Wiping out your mortgage may also not be the best financial move for your family if you die.

“When my father passed away very young, my mother’s home was paid off by a lump-sum payment to the mortgage company,”says Lynch.

“Her mortgage payment was something like $112 a month. It would have been more beneficial for her to receive the lump sum and earn the 18 percent interest banks were paying in the 1980s while continuing to make the mortgage payment.”

Some financial planners also say purchasing MPI is like buying tires when you need a car.

“Focusing on insuring for the mortgage is relatively myopic,” says Vernon Holleman III, president of The Holleman Cos., a financial-planning company in Chevy Chase, Md.

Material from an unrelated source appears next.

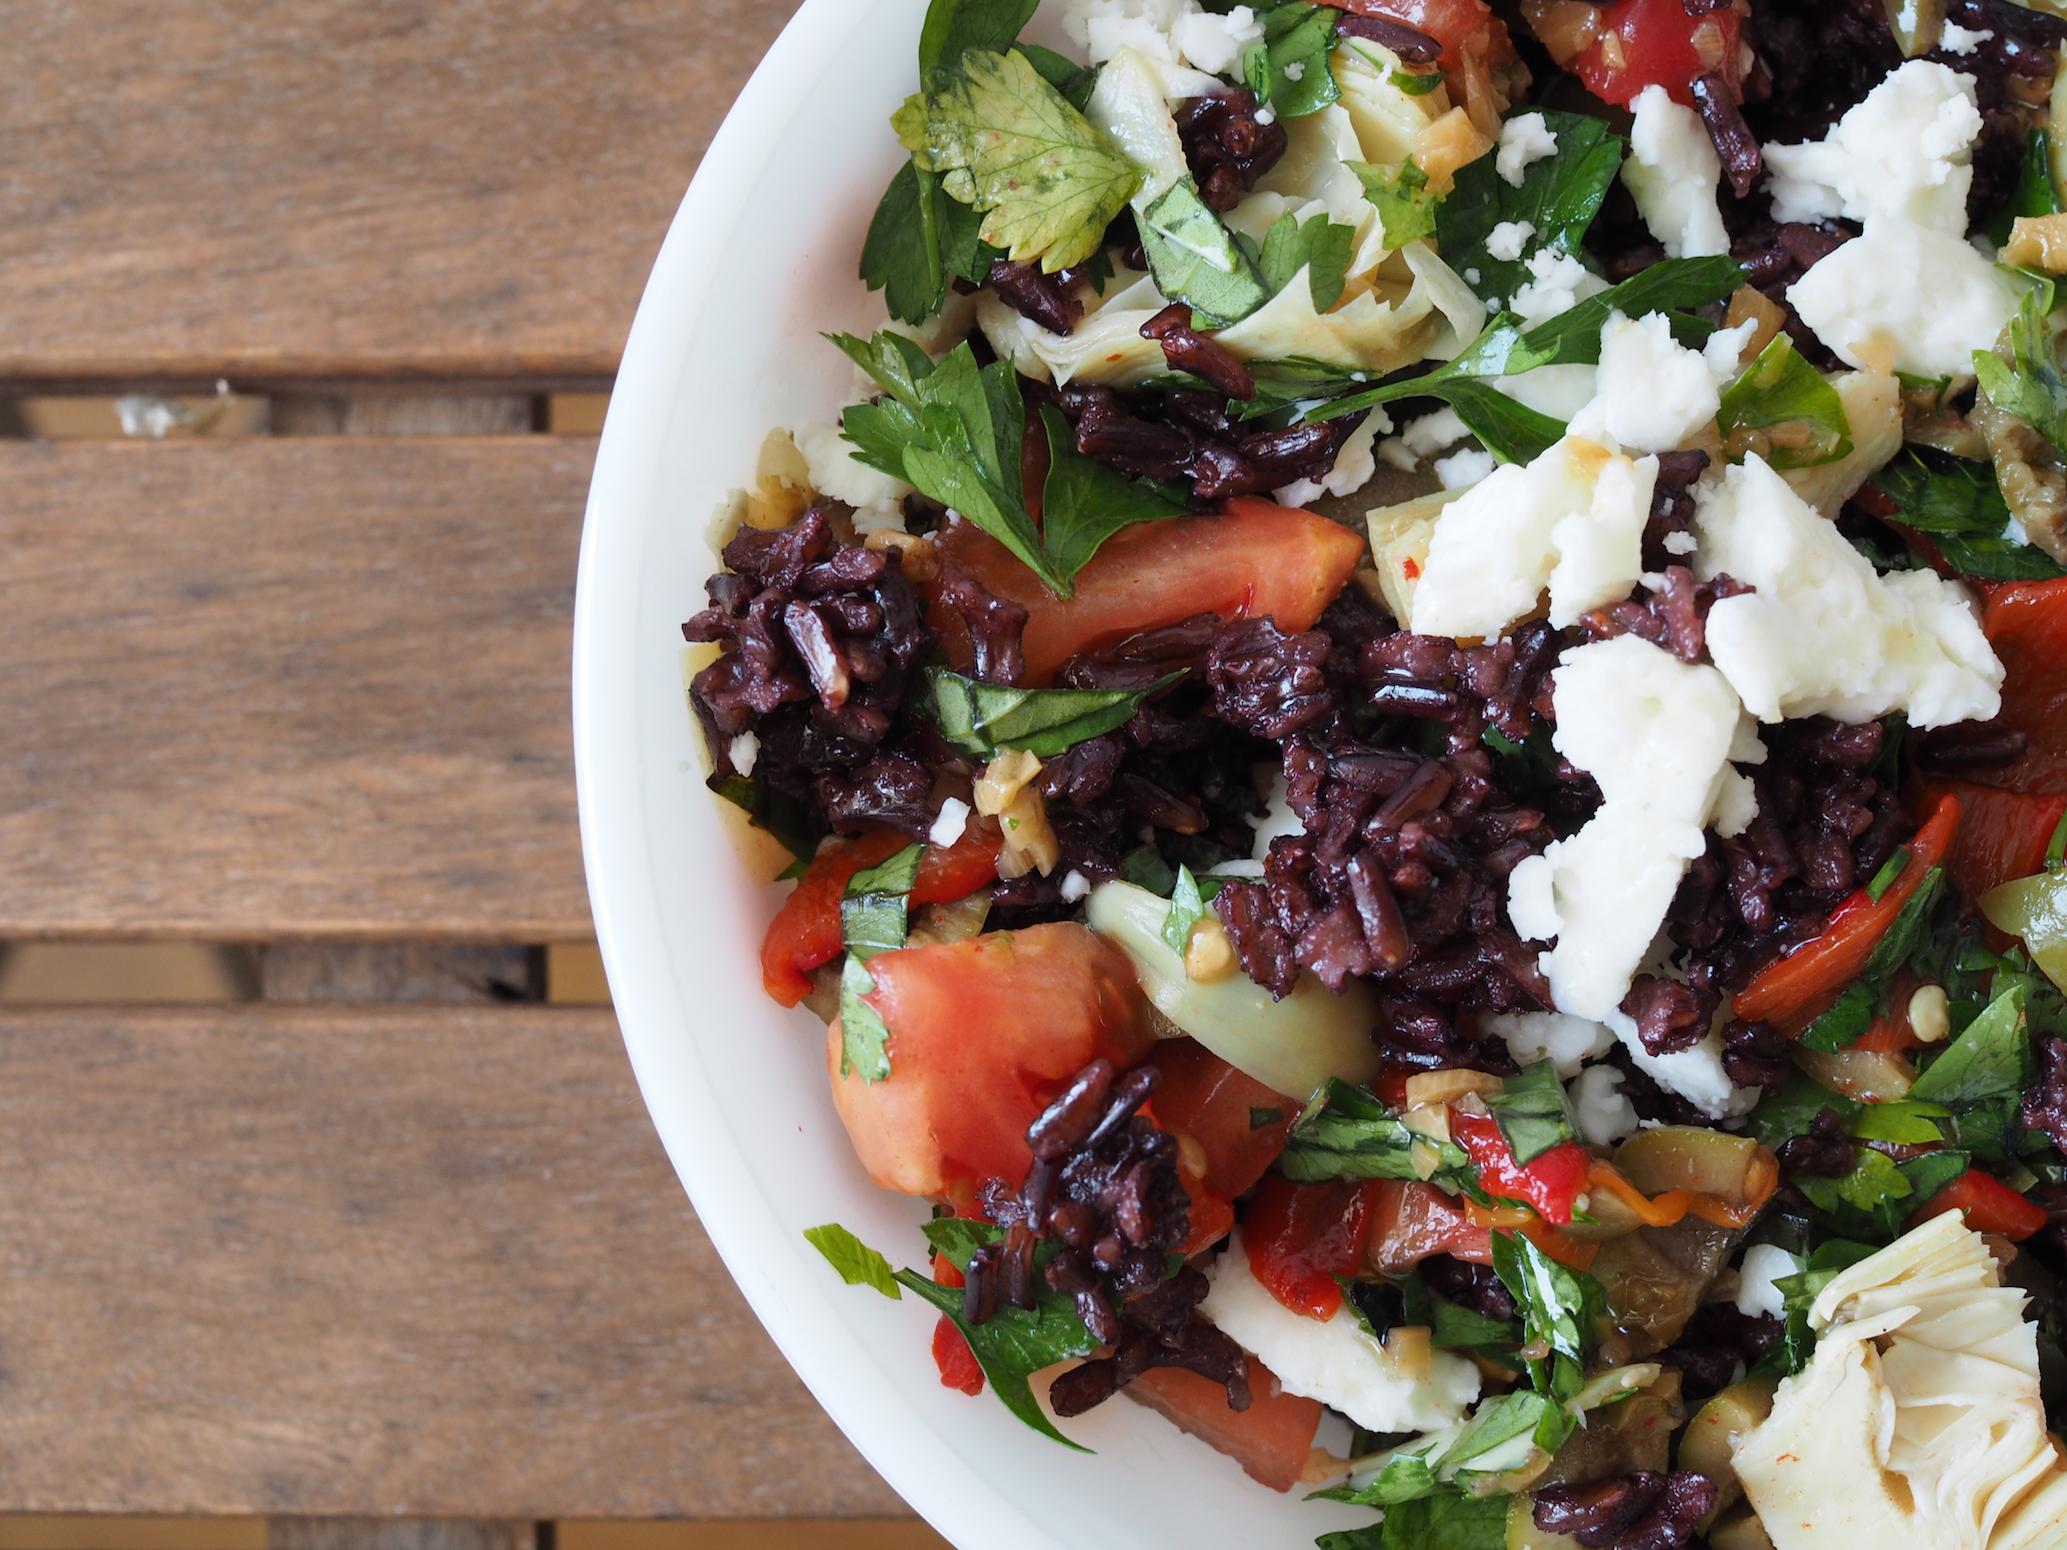 Pilav yiyip kendini iyi hissetmek; siyah pirinç, enginar kalbi, çeri domates, beyaz peynir, maydanoz. Balsamik sirkeli sos ile.

“You ought to think about financial planning more globally. Whether to pay off the mortgage upon a breadwinner’s death is a question you can’t answer unless you’re taking a comprehensive look at the family’s finances.”

If you have health or job risks that make life or disability insurance unavailable or too expensive, mortgage protection insurance is probably a smart option.

But don’t sign up through your mortgage company without shopping around.

“Ask about the price and features of each policy and whether it can be converted into whole life insurance,” says Ketcham.

“Also investigate the insurer’s financial condition through A.M. Best, which rates insurers.”

If you’re considering MPI payable on your death, Holleman suggests purchasing a level life-insurance policy instead, which doesn’t decrease in value, that will cover not only your mortgage, but also your family’s living and educational expenses without your income.

“You’re far better off using a level product because most insurance carriers allow a later reduction in the policy’s face value,” says Holleman.

“If at, say, year seven in your policy, you decide your need isn’t $1 million but only $800,000, you can reduce the face amount and save through the reduced premium. You’re better off controlling the benefit than having it automatically reduced,” he says.